I giochi sono oggi più popolari che mai e sono particolarmente apprezzati da adolescenti e giovani adulti che ne sono dipendenti per la maggior parte del tempo. Infatti, l’Organizzazione Mondiale della Sanità (OMS) ora riconosce il “disturbo del gioco d’azzardo” come una condizione di salute mentale nella Classificazione Internazionale delle Malattie e lo ha inserito nella stessa categoria dell’abuso di sostanze e della dipendenza dal gioco. .

Tuttavia, questo non ha impedito ad adolescenti e giovani di trascorrere sempre più tempo giocando ai videogiochi. Si è persino rivelato problematico, come in questo caso, in cui un quindicenne di Bengaluru, in India, sta ricevendo cure per la sua dipendenza dal gioco online PlayerUnknown’s Battlegrounds (PUBG).

Per chi non lo sapesse, il popolare gioco PlayerUnknown’s Battlegrounds o PUBG creato a dicembre dello scorso anno è stato scaricato più di 50 milioni di volte. È stato il terzo gioco più popolare a giugno, anche sette mesi dopo la sua uscita. È disponibile su PC, Android e iOS. PUBG è basato sull’epico film Battle Royale del 2000. Inizia con 100 giocatori che si paracadutano da un aereo a una grande isola, dove cercano armi e si preparano per un brutale combattimento all’ultimo sangue mentre i giocatori sopravvissuti si avvicinano al centro dell’isola. I giocatori possono scegliere diversi Mod per combattere il nemico ed essere vittoriosi. Il gioco è molto difficile e il vincitore di PUBG è l’ultimo in piedi.

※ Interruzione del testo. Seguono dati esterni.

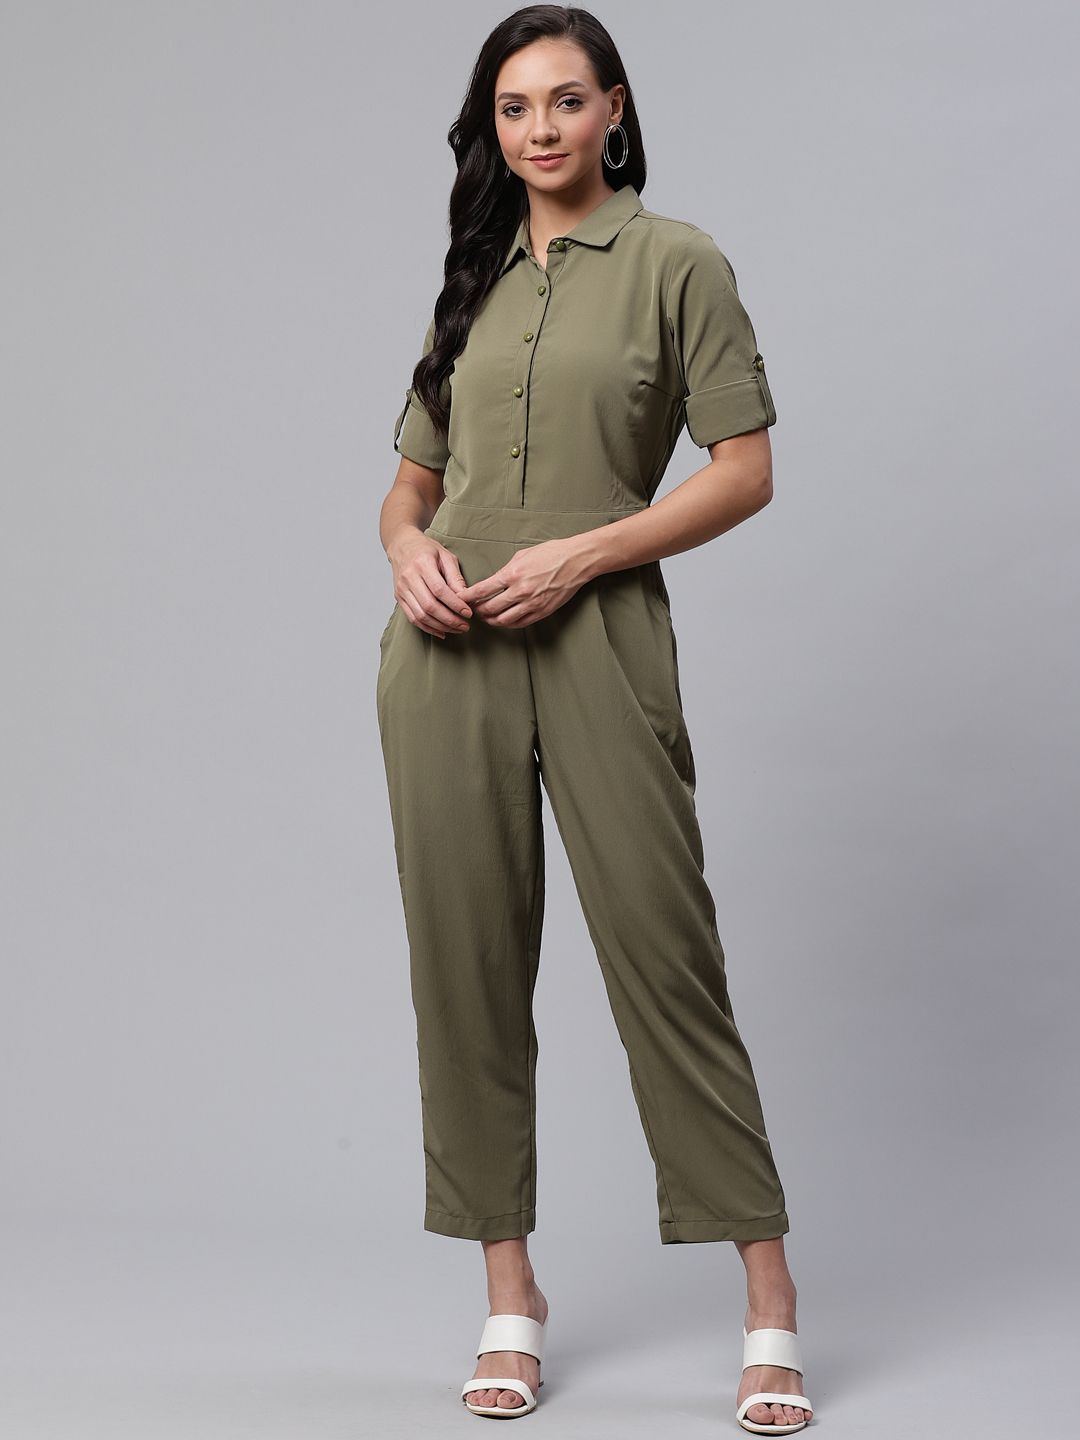 Deewa Women Olive Green Solid Basic Jumpsuit Price in India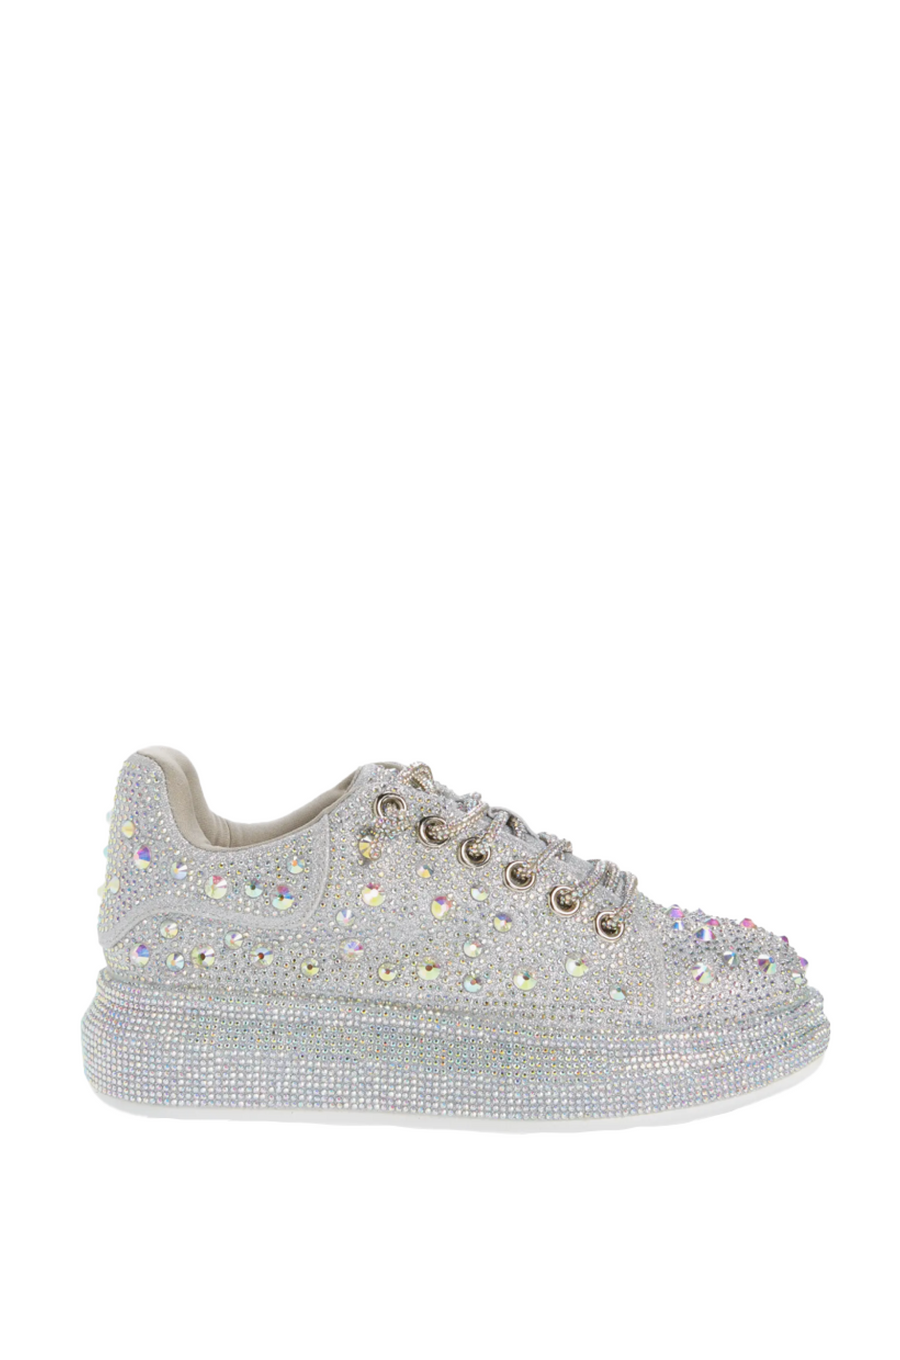 AZURE1-SILVER CRYSTAL LACE UP SNEAKER

Apparentemente, il quindicenne che studiava la Classe 10 era così immerso nel gioco di PUBG, che è rimasto sveglio fino alle 2-3 del mattino giocando e spesso ha perso la scuola perché si è svegliato tardi, riporta l’Hindustan Times. I suoi genitori preoccupati lo hanno portato alla clinica SHUT (Service for Healthy Use of Technology), situata presso l’Istituto nazionale di salute mentale e neuroscienze (NIMHANS), che aiuta le persone ad affrontare le dipendenze basate sulla tecnologia.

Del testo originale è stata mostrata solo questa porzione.